You know, secretly, even if you’re pretending not to, that this thing is nearing exhaustion. There is simply nothing there online. All language has become rote, a halfarsed performance: even the outraged mobs are screaming on autopilot. Even genuine crises can’t interrupt the tedium of it all, the bad jokes and predictable thinkpieces, spat-out enzymes to digest the world. ‘Leopards break into the temple and drink all the sacrificial vessels dry; it keeps happening; in the end, it can be calculated in advance and is incorporated into the ritual.’ Online is not where people meaningfully express themselves; that still happens in the remaining scraps of the nonnetworked world. It’s a parcel of time you give over to the machine. Make the motions, chant its dusty liturgy. The newest apps even literalise this: everyone has to post a selfie at exactly the same time, an inaudible call to prayer ringing out across the world. Recently, at a bar, I saw the room go bright as half the patrons suddenly started posing with their negronis. This is called being real.

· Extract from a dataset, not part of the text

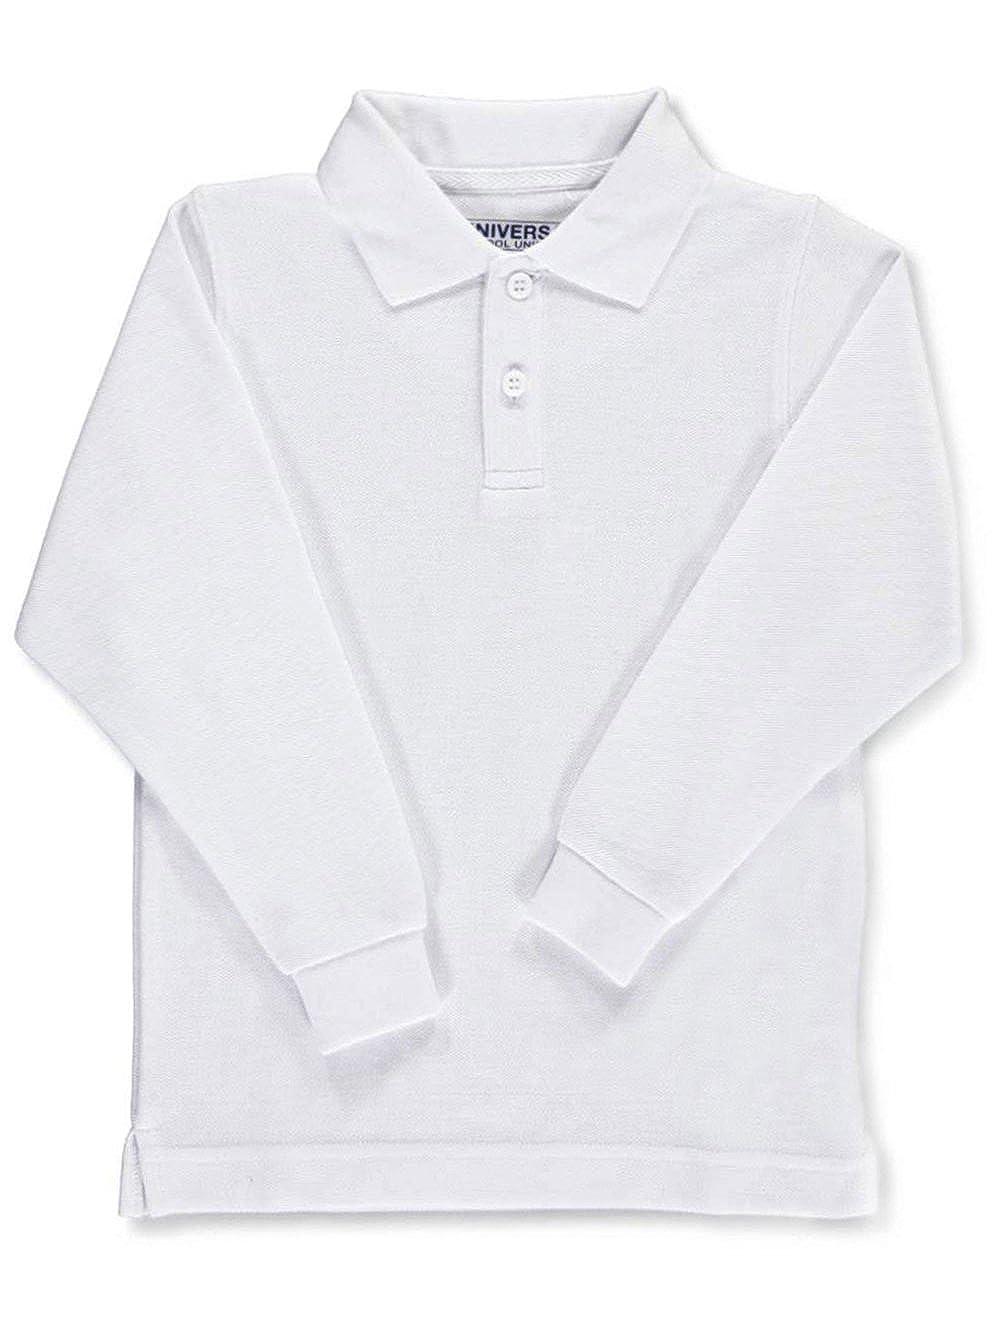 Universal Unisex L/S Pique Polo - white, 14

Whoever you are, a role is already waiting for you. All those pouty nineteen-year-old lowercase nymphets, so fluent in their borrowed boredom, flatly reciting don’t just choke me i want someone to cut off my entire head. All those wide-eyed video creeps, their inhuman enthusiasm, hi guys! hi guys!! so today we’re going to talk about—don’t forget to like and subscribe!! hi guys!!! Even on the deranged fringes, a dead grammar has set in. The people who fake Tourette’s for TikTok and the people who fake schizophrenia for no reason at all. VOICES HAVE REVEALED TO ME THAT YOUR MAILMAN IS A DEMONIC ARCHON SPAT FROM BABYLON’S SPINNING PIGMOUTH, GOD WANTS YOU TO KILL HIM WITH A ROCKET LAUNCHER. Without even passing out of date, every mode of internet-speak already sounds antiquated. Aren’t you embarrassed? Can’t you hear, under the chatter of these empty forms, a long low ancient whine, the last mewl of that cat who wants to haz cheezburger?

The internet is already over

Bad news: Headlines are indeed getting more negative and angrier | Al Jazeera

One thing that I find particularly striking here is that the percentage of articles with emotionally neutral headlines has absolutely plummeted. I would argue that a neutral stance should be the default for news articles, and news sources used to agree; it’s remarkable how rapidly that perspective has vanished.

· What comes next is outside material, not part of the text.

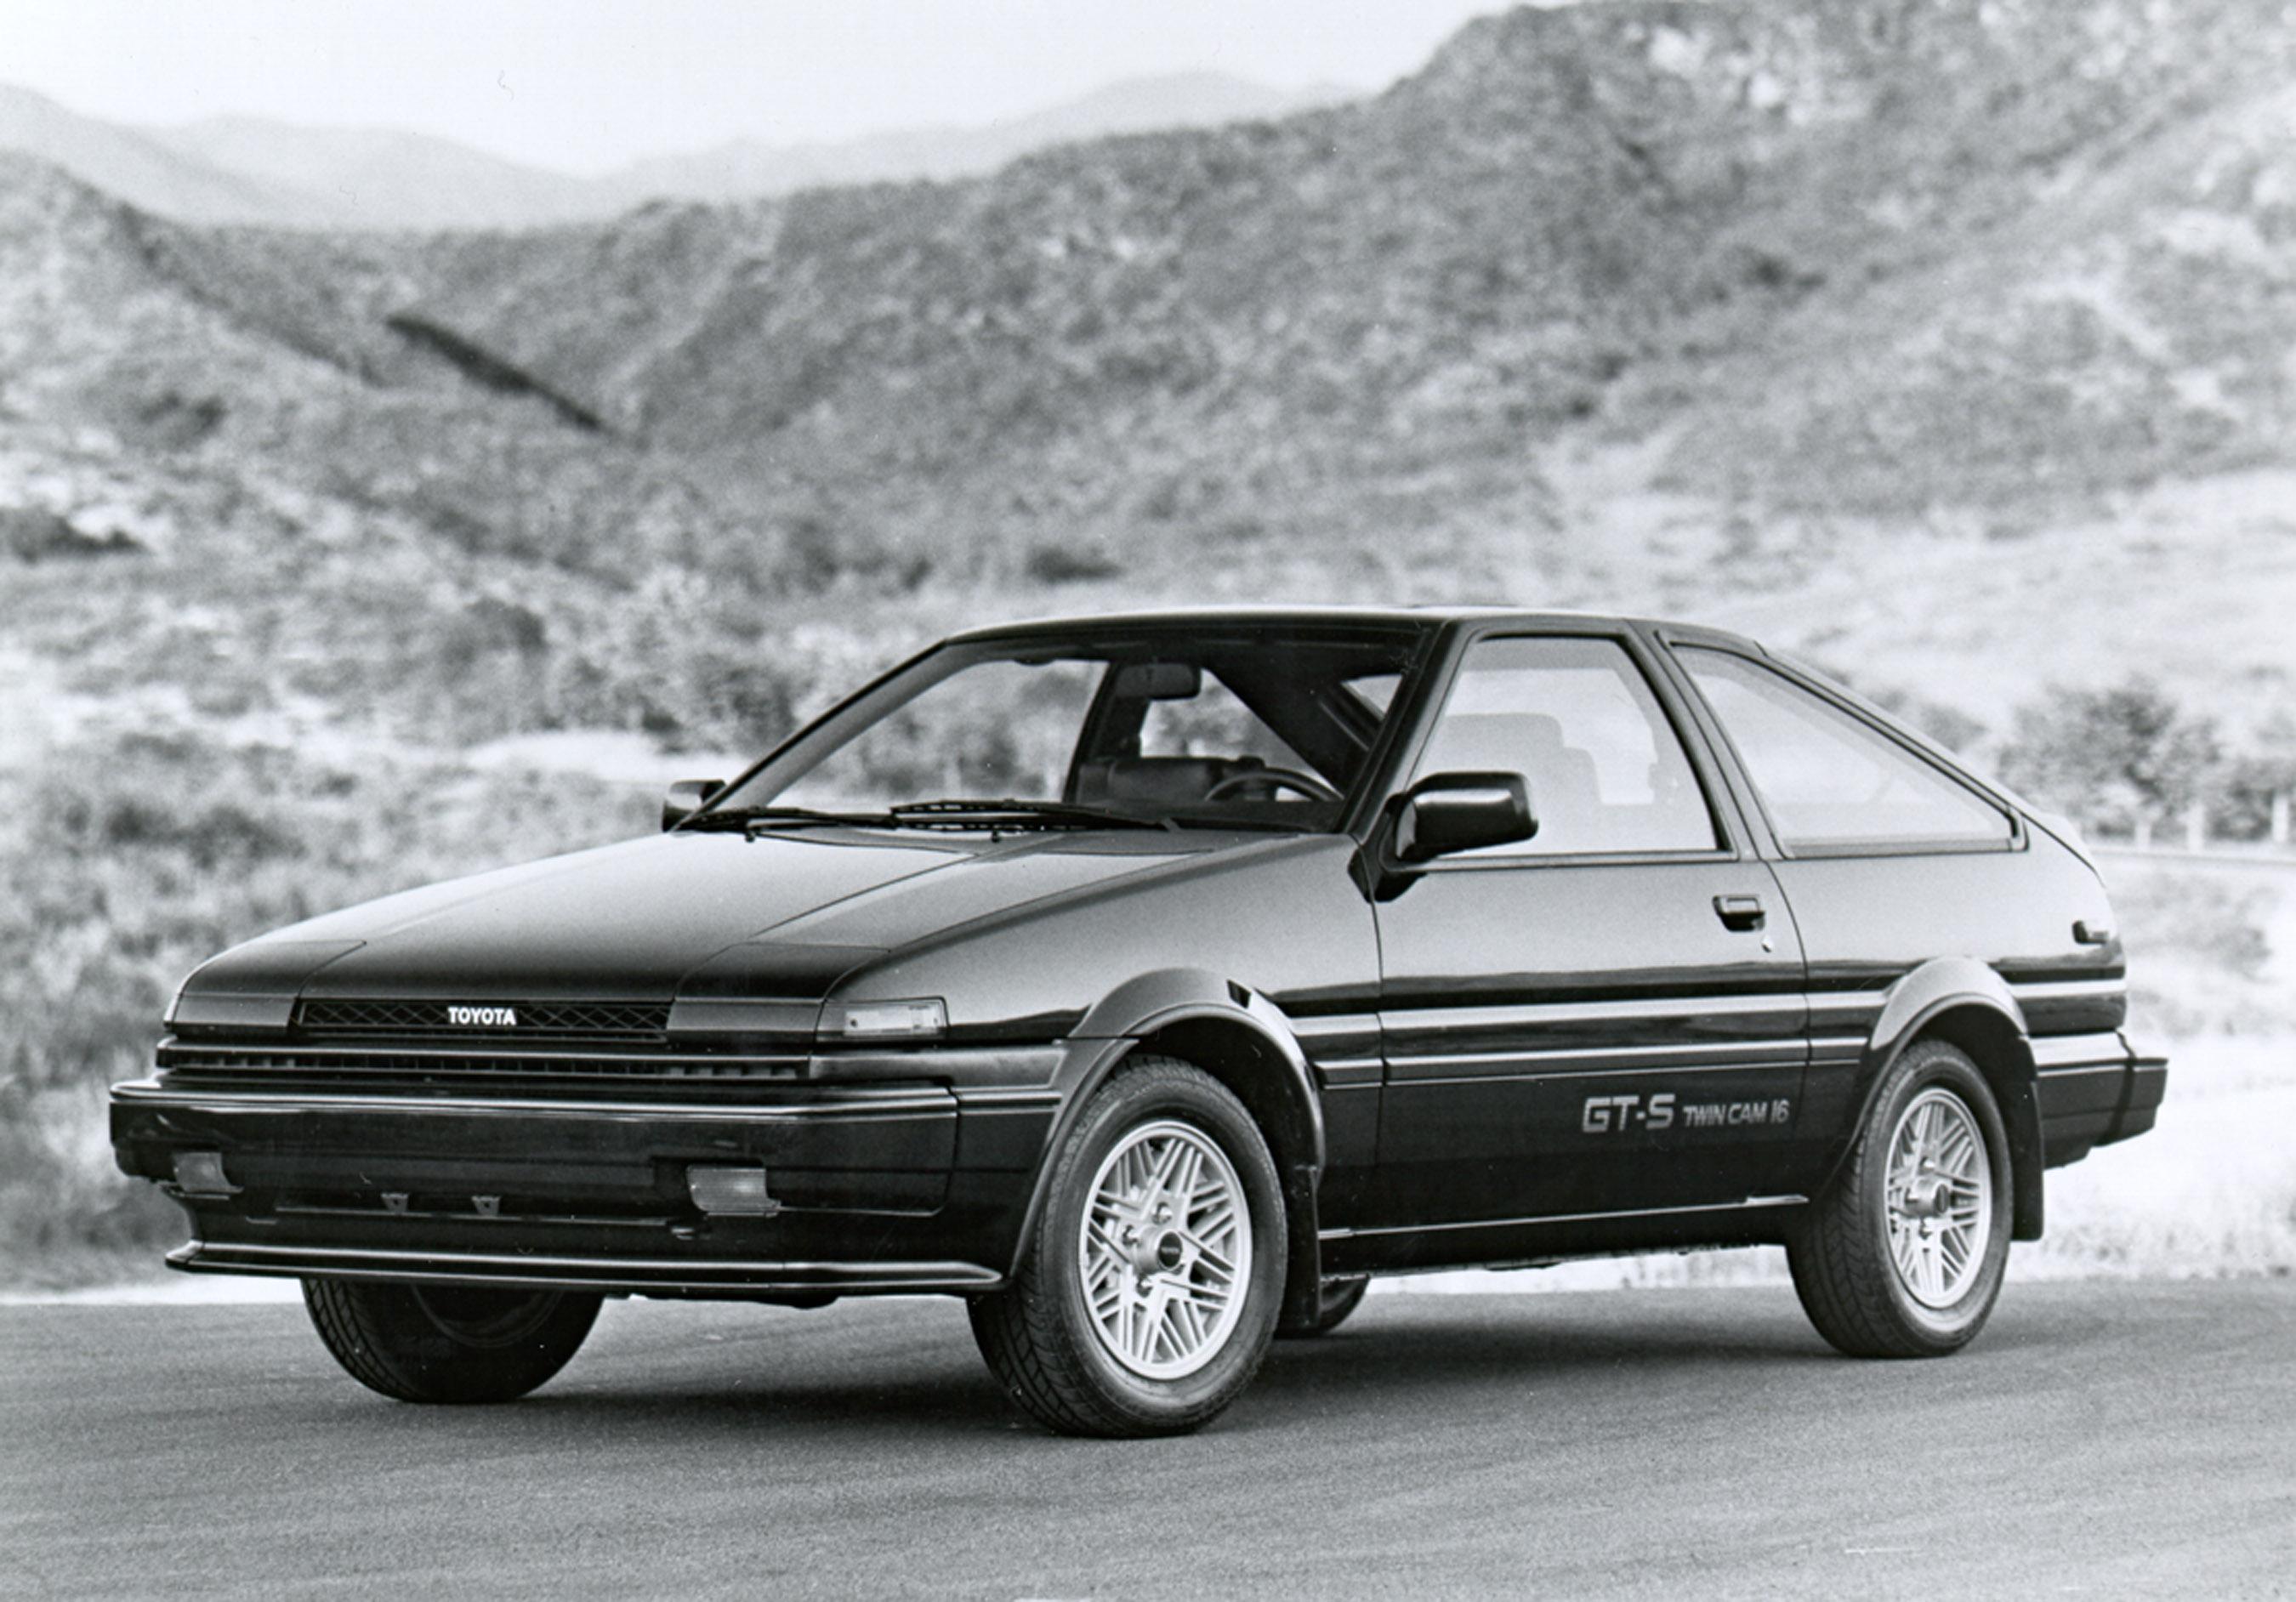 1986 Toyota Corolla GT-S Liftback

…the sentiment of mainstream news media headlines has indeed become gradually more negative since the year 2000. What this means is that headlines with negative connotations, such as “Brazil Prison Riot Leaves 9 Dead”, are becoming more prevalent. In contrast, headlines with positive undertones, such as “A New Lens Restores Vision and Brings Relief”, are becoming less frequent.

Interestingly, when we partitioned news media outlets according to the ideological views they are widely associated with, we found that headlines from right-leaning news media have been consistently more negative than those from their left-leaning counterparts. Post-2013, the negativity of headlines in left-leaning news media appears to increase substantially. These trends might be partially related to a sharp uptick in news media usage of terminology that depicts prejudice (such as racism, sexism and homophobia) and political extremism (such as far right or far left).

When we further analysed the specific emotional undertones of the headlines, we discovered that the proportion denoting anger and fear has almost doubled in frequency over this period. Headlines embedded with anger and fear such as “Giving Poor Kids Free Meals at School Should Not Be Controversial. Tell That to Congressional Republicans!” or “Is rape epidemic in Sweden tied to influx of Muslim immigrants?” are becoming more prevalent. Sadness and disgust are also increasingly reflected in headlines, albeit to a lesser extent. In contrast, the proportion of emotionally neutral headlines is decreasing.